**How to complete this task:** Give back the data below word for word. Any image in it should be left out.

**Data provided:**
═══
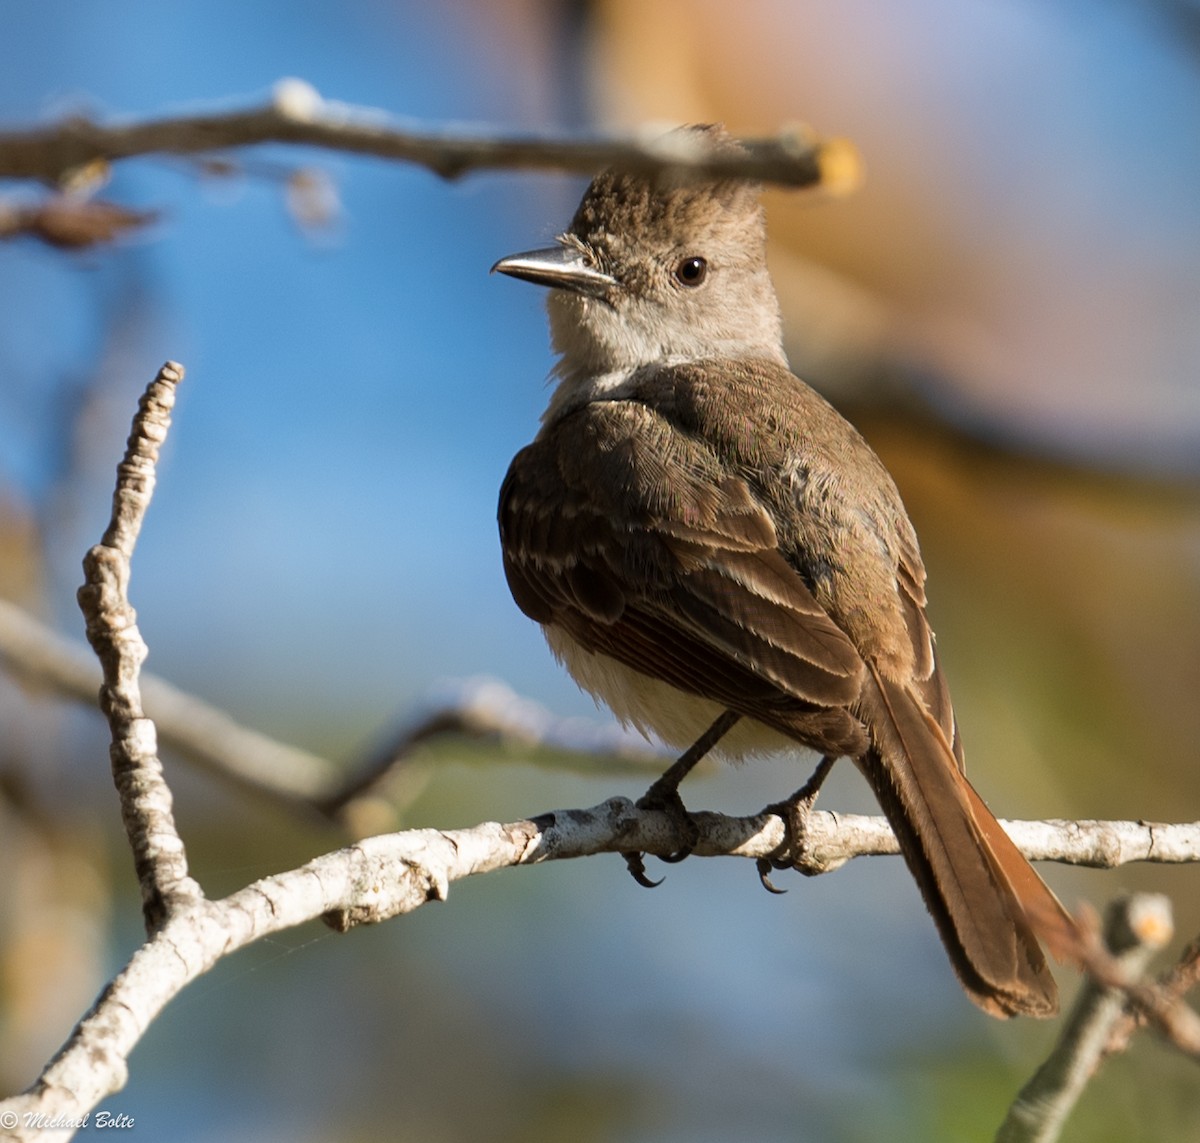 Ash-throated Flycatcher - Michael Bolte
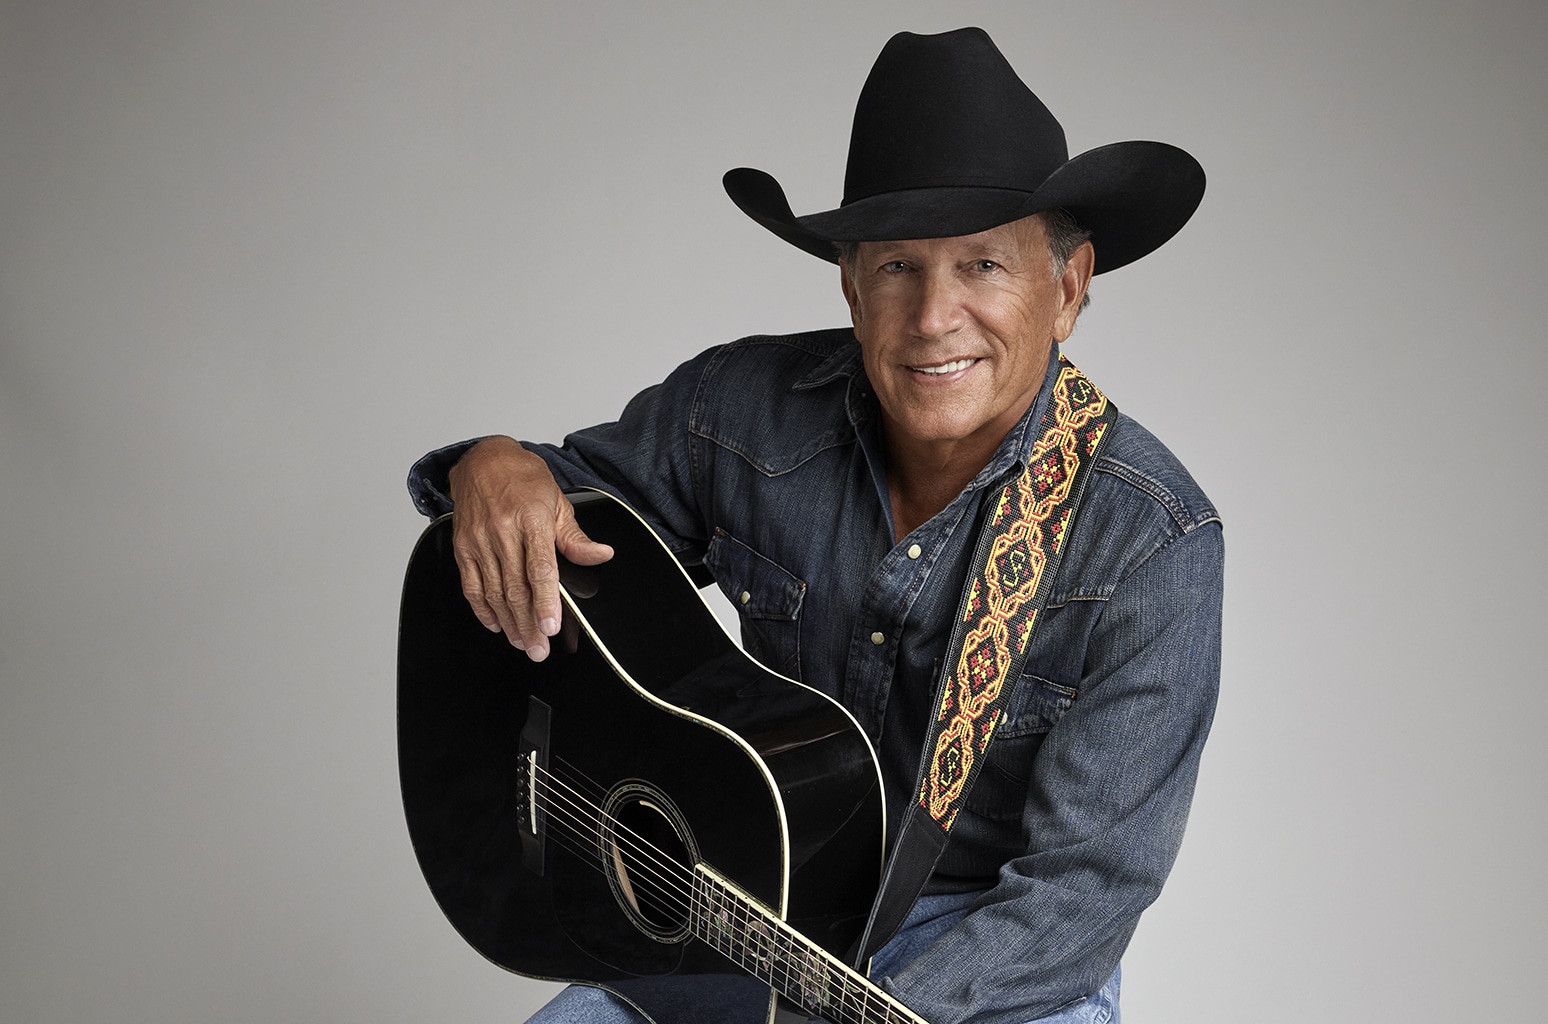 Did Strait retire from singing?
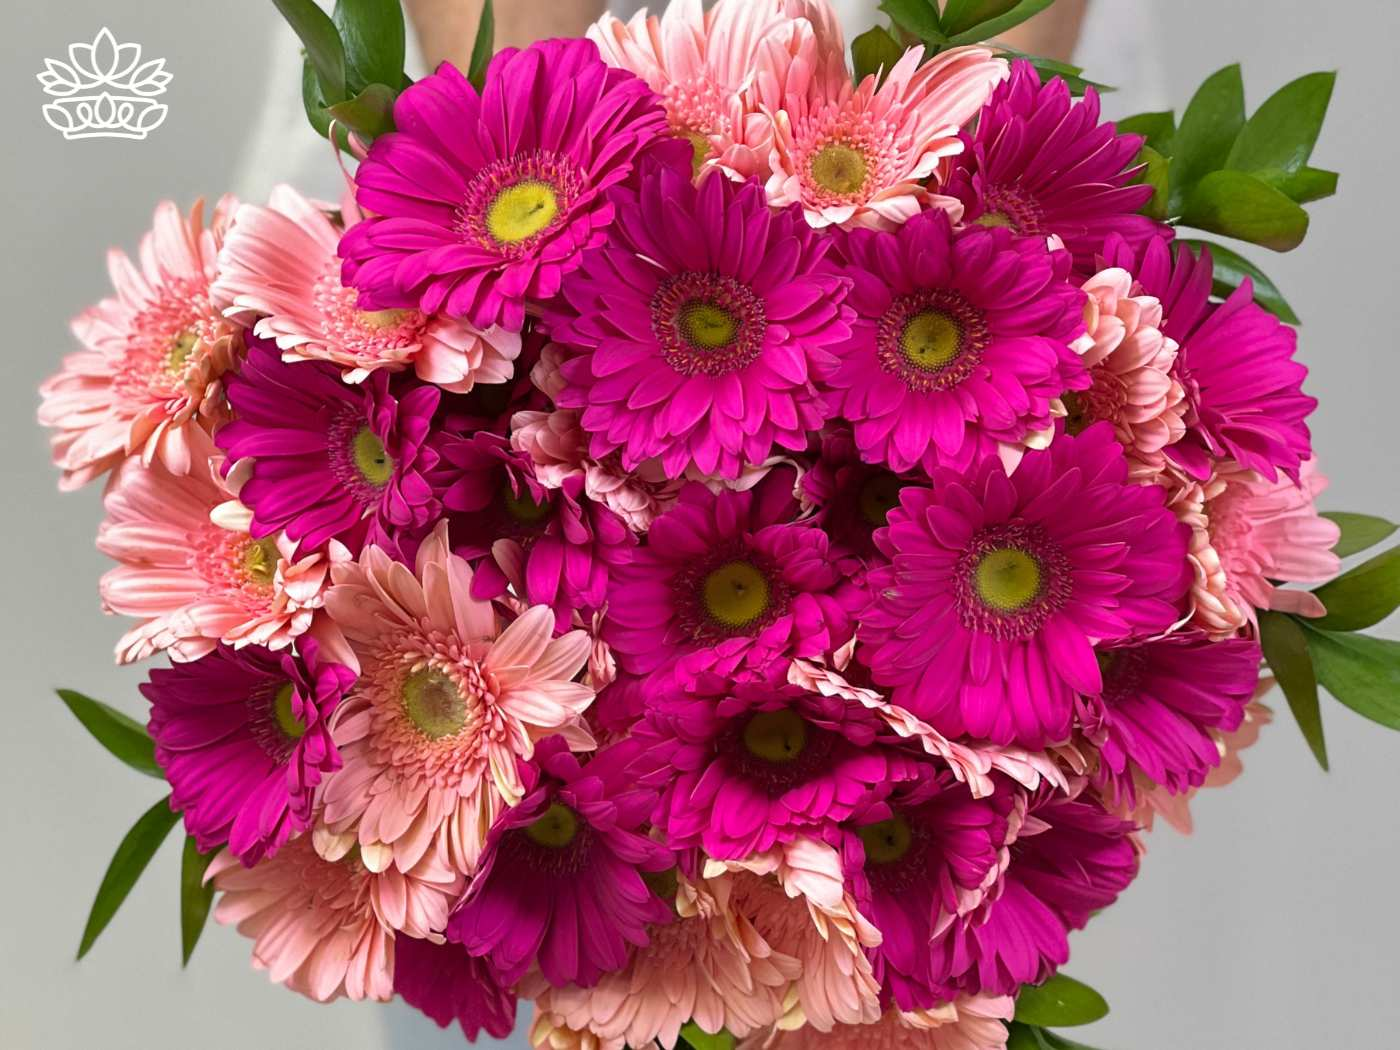 A vibrant bouquet of pink and fuchsia Gerbera daisies, arranged with lush green foliage. Fabulous Flowers and Gifts. Gerberas Collection. Delivered with Heart.
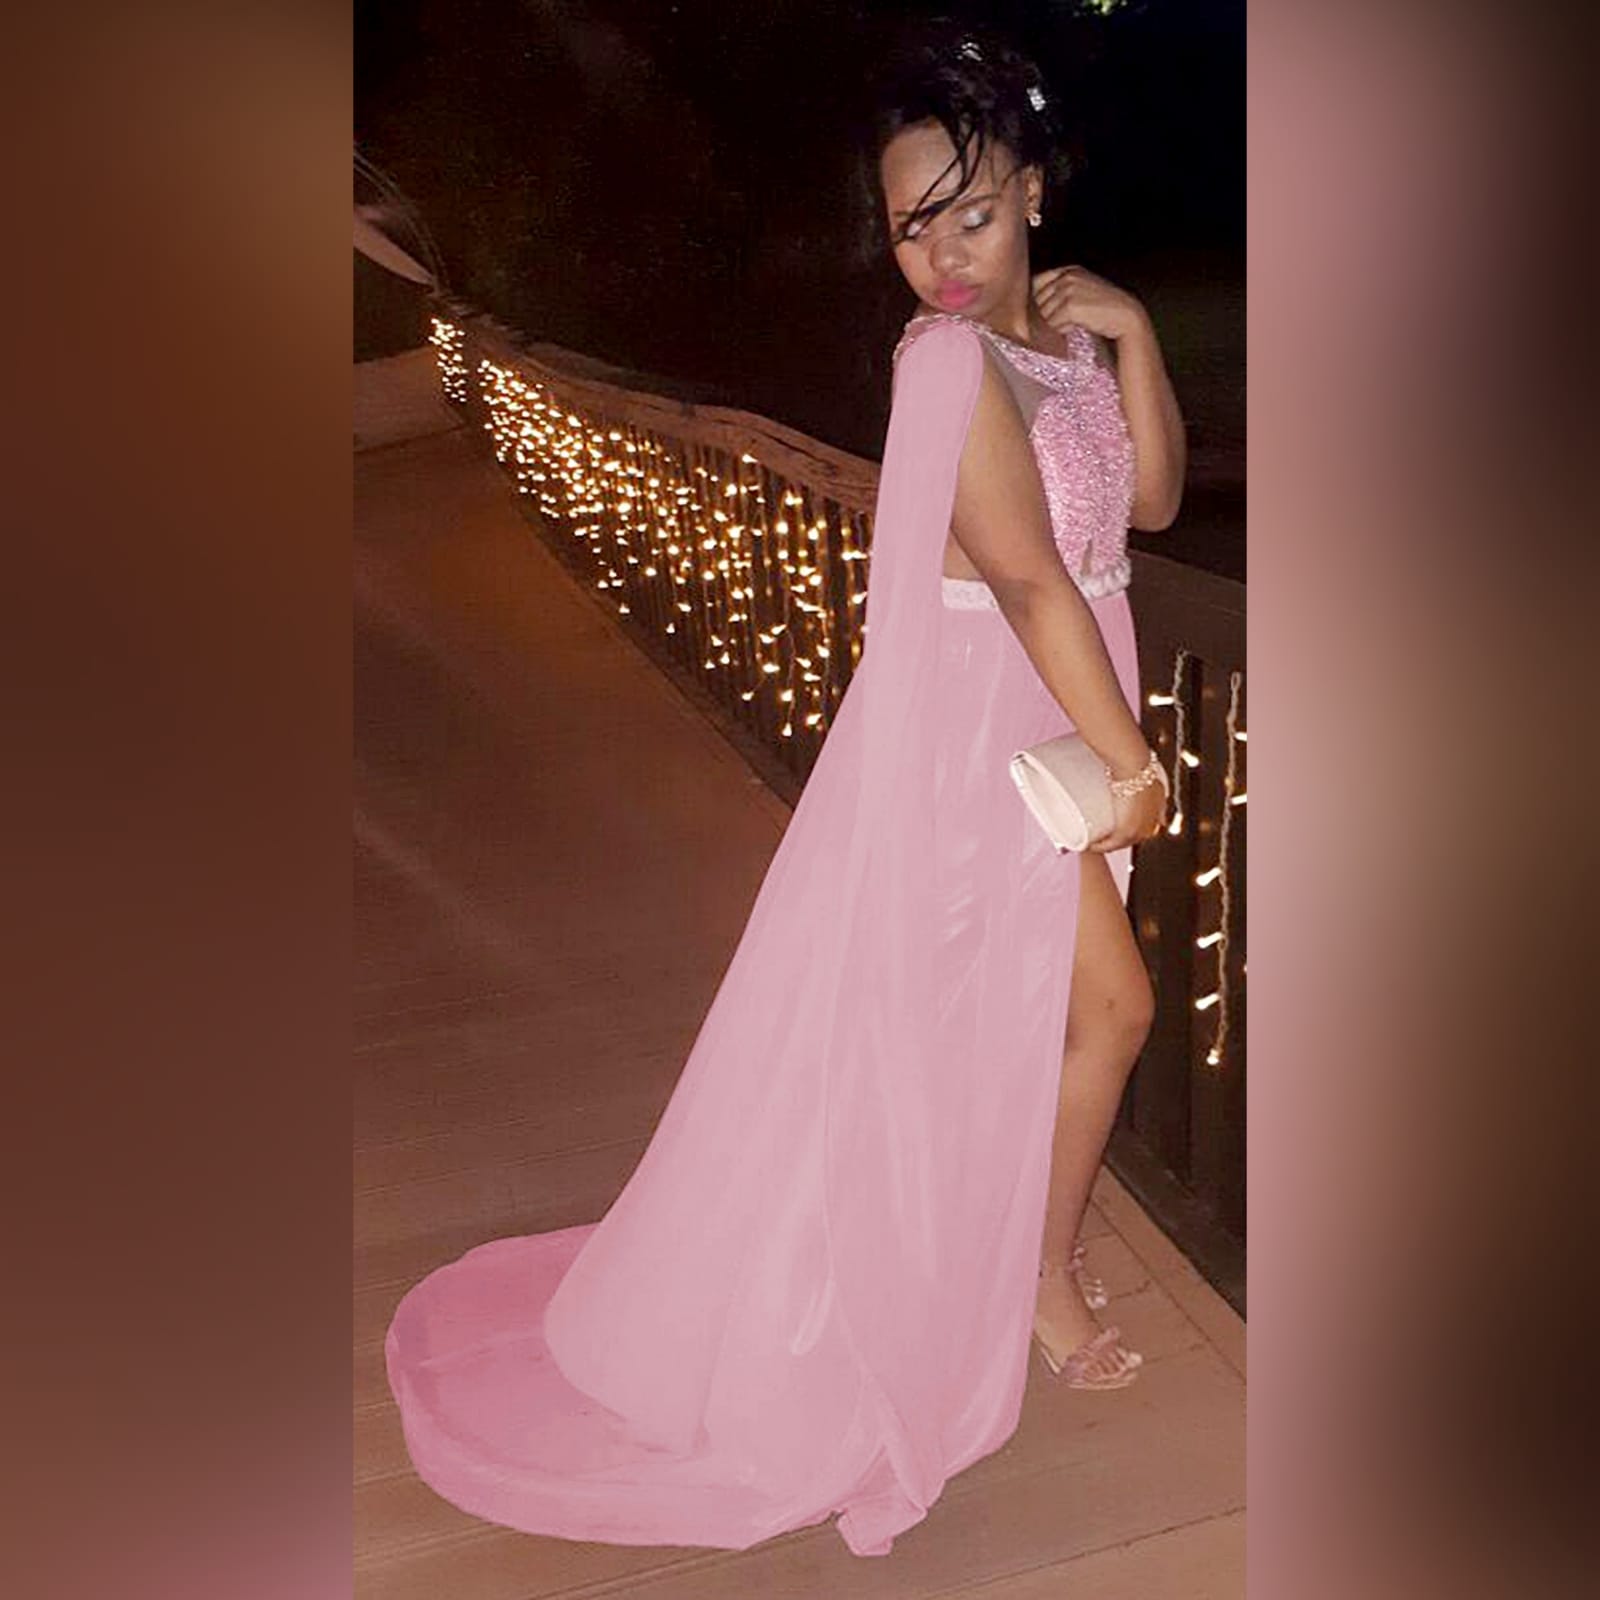 Dusty pink chiffon beaded prom dress 9 dusty pink chiffon beaded prom dress, bateau neckline effect with an illusion back, fully beaded bodice, plaited belt detail with a slit and a train. Shoulders with chiffon draping creating a goddess look.
═══
**Exercise response:**
 Ash-throated Flycatcher - Michael Bolte
 Did Strait retire from singing?
 A vibrant bouquet of pink and fuchsia Gerbera daisies, arranged with lush green foliage. Fabulous Flowers and Gifts. Gerberas Collection. Delivered with Heart.
 Dusty pink chiffon beaded prom dress 9 dusty pink chiffon beaded prom dress, bateau neckline effect with an illusion back, fully beaded bodice, plaited belt detail with a slit and a train. Shoulders with chiffon draping creating a goddess look.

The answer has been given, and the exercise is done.